Undeniably Asher (The Colloway Brothers Book 2)(63)
Then one fateful night everything was taken away from me. And I was left with grief and nothing but a mountain of questions that I’ll never get the answers to. I still feel tethered to the Widowmaker’s curve, where two more sad, weathered wooden crosses mark untimely deaths.
One for Beck.
One for our baby.
I find it ironic now that I can’t let people in and I ended up loving a man who was exactly the same as me. Had that horrible night not happened, I have no doubt we wouldn’t have made it long-term. There were too many secrets between us. He knew my mom walked out on us, but I never talked about her. I didn’t talk about Livia and my resentment that she was never around. And he never knew my dad was a gambling addict.
Now that I’m in love again, I don’t want that secrecy, that barrier between Asher and me, because ultimately it will destroy us. Secrets are nothing more than lies of omission and I’m a big, black cavern of them. I don’t want to be this person. I don’t want to lose the best thing to happen to me in a very long time because I’m incapable of exposing my inner ugly scars. I’m starting to think I need professional help.
“What are you thinking so hard about over there, baby?” Asher’s breath skates over my naked flesh and a wash of heat instantly settles over me, bringing me back from the past firmly into the present.
So much, I want to say, but instead of telling him everything I’m really thinking, I deflect, because I’m a fucking expert in that art. And we do need to talk through last night with words, instead of with our bodies.
I need to make sure this relationship isn’t going down the same path as my last one. Because I don’t think I can handle it if it is. I loved Beck and losing him was hard. But already my feelings are so much stronger for Asher, and losing him…I just don’t know if I’m strong enough to survive it. The fact that I feel this way about him so early in our relationship is extremely disconcerting.

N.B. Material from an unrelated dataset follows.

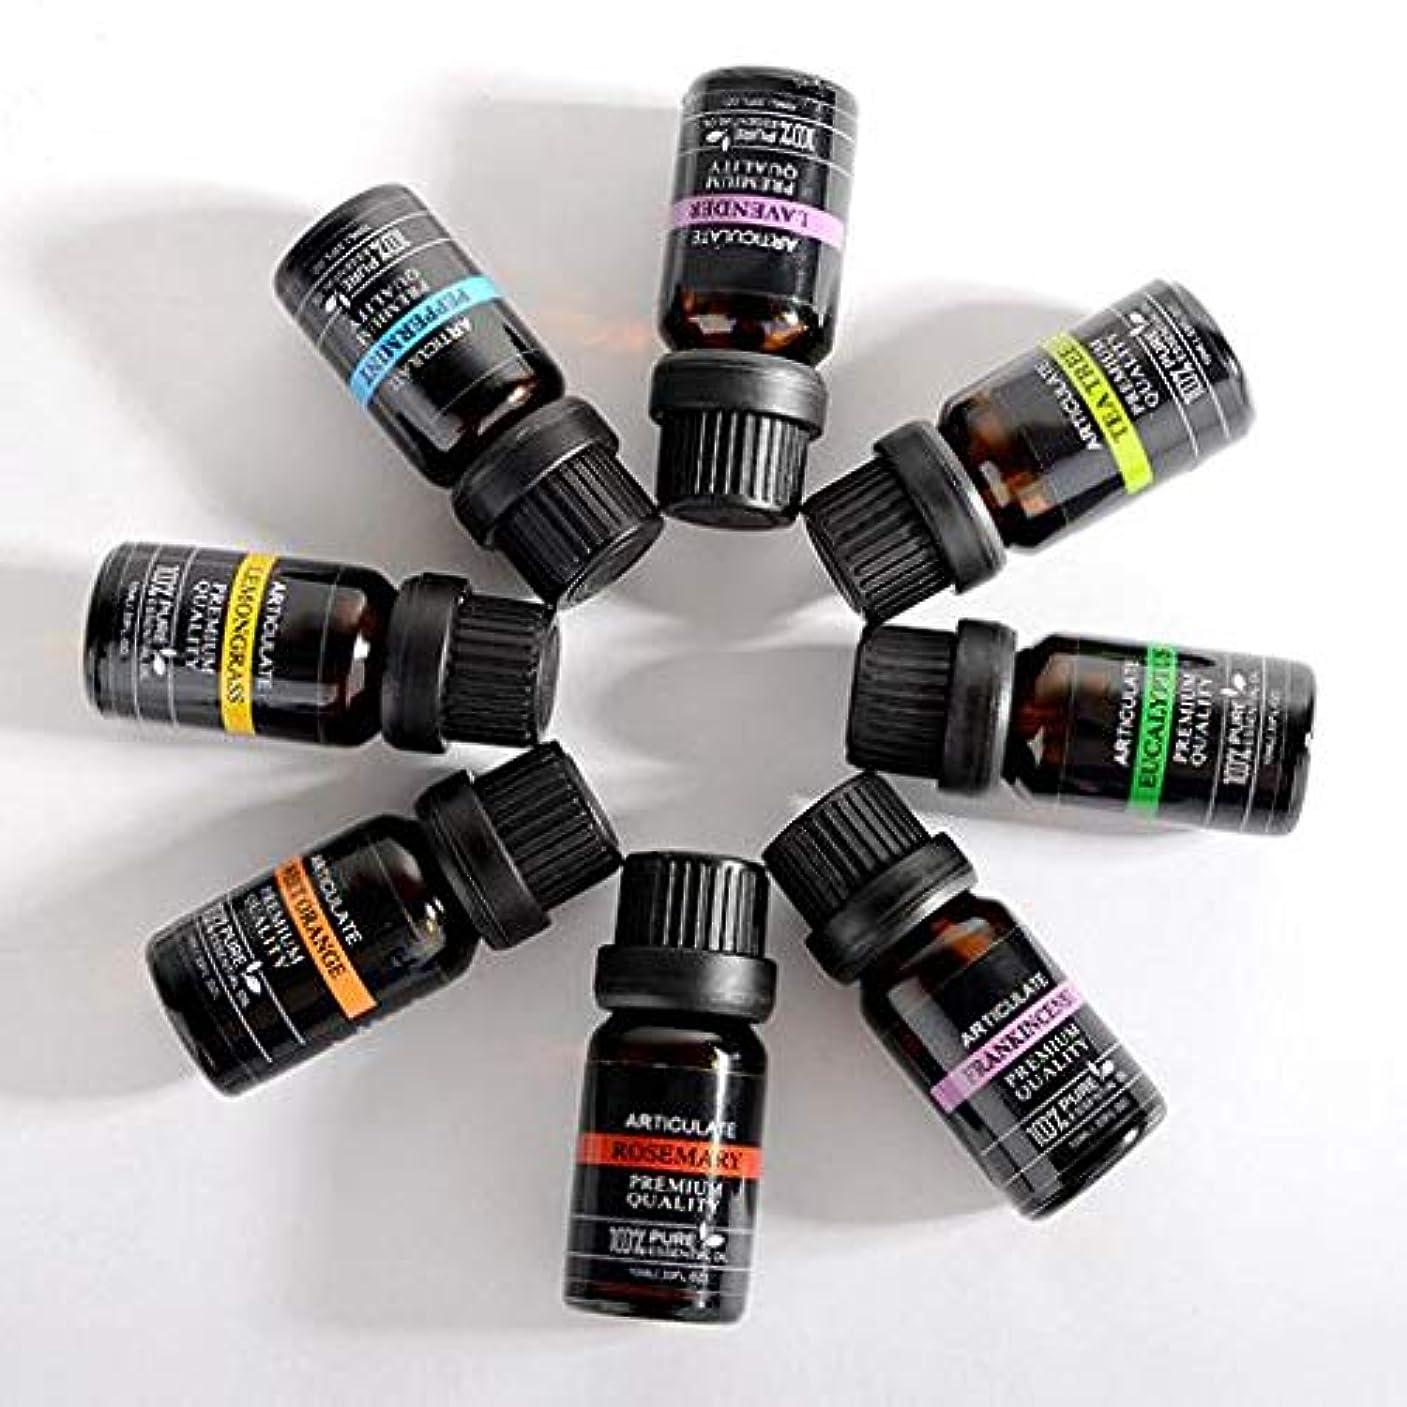 無効にするダイヤル荷物Lioncorek エッセンシャルオイル オイル アロマオイル 精油 水溶性 ナチュラル フレグランス 100%純粋 有機植物 加湿器用 8種の香りセット

“Who was she?” I ask quietly.
He stiffens behind me. “Who was who?”
“The woman who made you so mistrustful.”
I turn in his arms so our faces are just inches apart. Reaching up, I trace his thick brow, lightly dragging my finger down his scruffy jaw. I want to look into his eyes and have him tell me the truth.

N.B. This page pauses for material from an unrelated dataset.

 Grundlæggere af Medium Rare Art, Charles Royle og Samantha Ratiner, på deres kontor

“What makes you think it’s a woman?” He’s not sarcastic, but asking like he genuinely wants to know.
“A woman recognizes another woman’s handiwork in the wounds left behind on her man.”
He laughs. “Is that so?”
“Yes.”
“What do you think this elusive woman did?” He brushes a piece of errant hair from my face and I’m not sure I could be any more in love with him than I am right now. The words are on the tip of my tongue, but once they’re out, I need to be willing to be completely honest with him. About everything. And I just don’t think I’m quite there yet. But I want to be. I want to get there.

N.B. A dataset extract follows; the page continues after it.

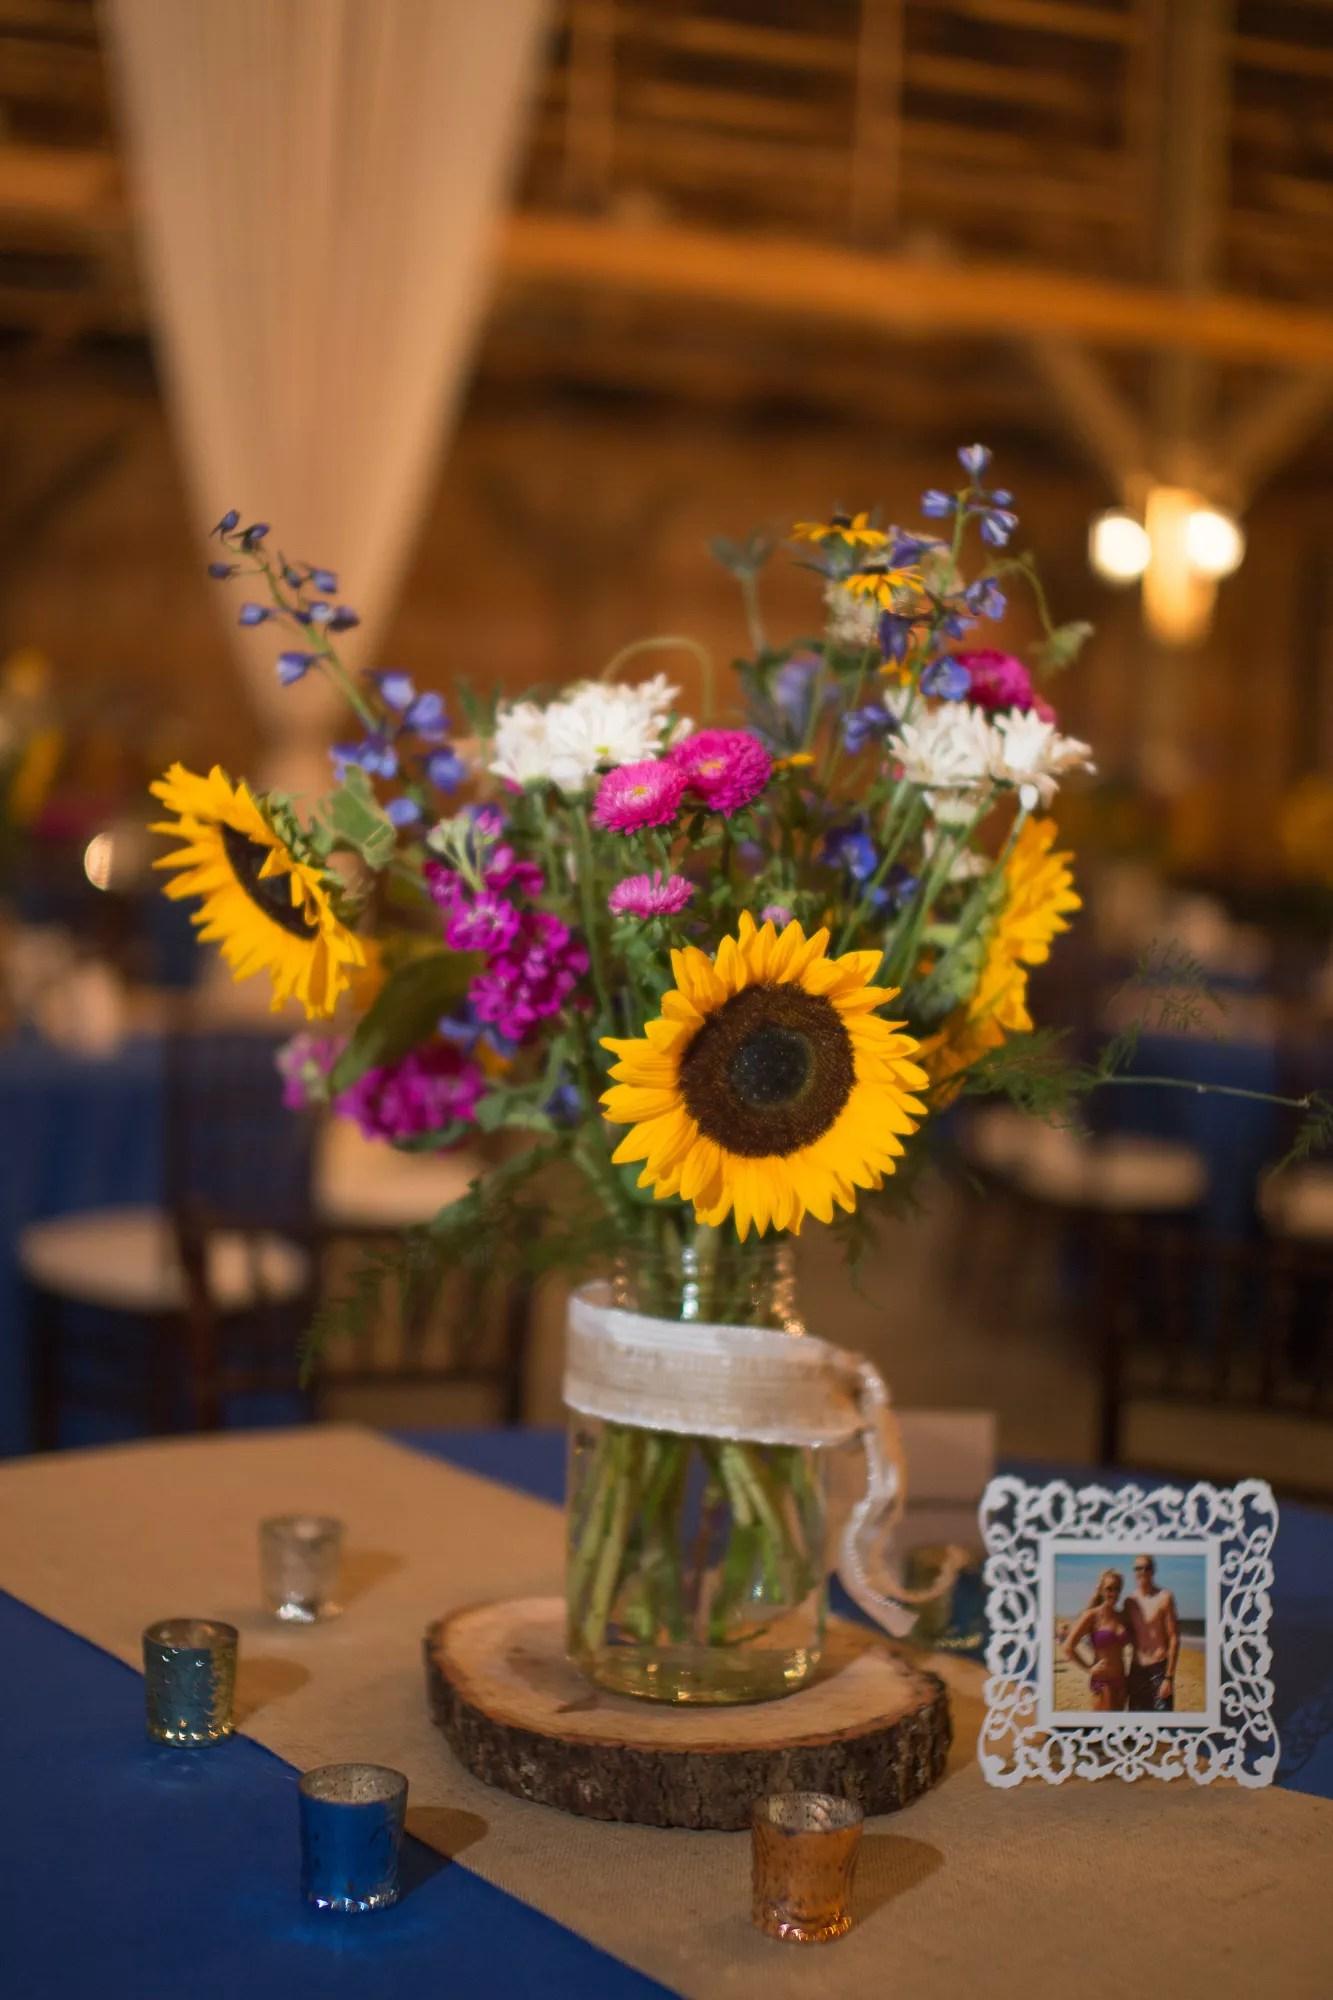 Sunflower And Wildflower Centerpiece On Wooden Slab

“Hmmm…if I had to guess it would be that she cheated on you.”
He gazes at me thoughtfully. I easily see the hurt flicker in his beautiful blues. It makes me sad. It hurts my heart.
We both have a past. We’ve both endured pain at the hands of another person who was supposed to love us, yet here we are, willing to try again. Trying hard to unlock the chains, to be vulnerable, to open up. We’re both struggling with former demons that want to keep us shackled and unhappy, and somehow that makes it a little bit easier. At least for me.
“It was a long time ago,” he replies quietly.
“But the wound still runs deep.”
A sad smile curls his lip. “It sounds like you know all about it.” His reply isn’t accusatory or confrontational. It’s fact. He sees more than I think I let on. He wants me to know it. No one has ever gotten me like Asher. No one.
“I have my own wounds, yes.” He has no idea that even that small admittance is a very big step for me. I take great pains to make sure everyone around me thinks I’m hunky dory, but deep down I’m just…not.
“I know, baby. You can trust me.” We both smile at the exact words that caused this mess to begin with.
“I think that’s something we both need to work on,” I tell him.
“Hmm,” he says thoughtfully, almost like he’s far away. “I guess so.”
I don’t want to lose what we’re building here and I suddenly panic. What if he decides I’m just too much work? That my outer shell is too damn hard to crack before he can get to the gooey goodness inside? I need to start opening up, as hard and painful as it may be. Maybe if I open the door just a crack at a time, I can get through this.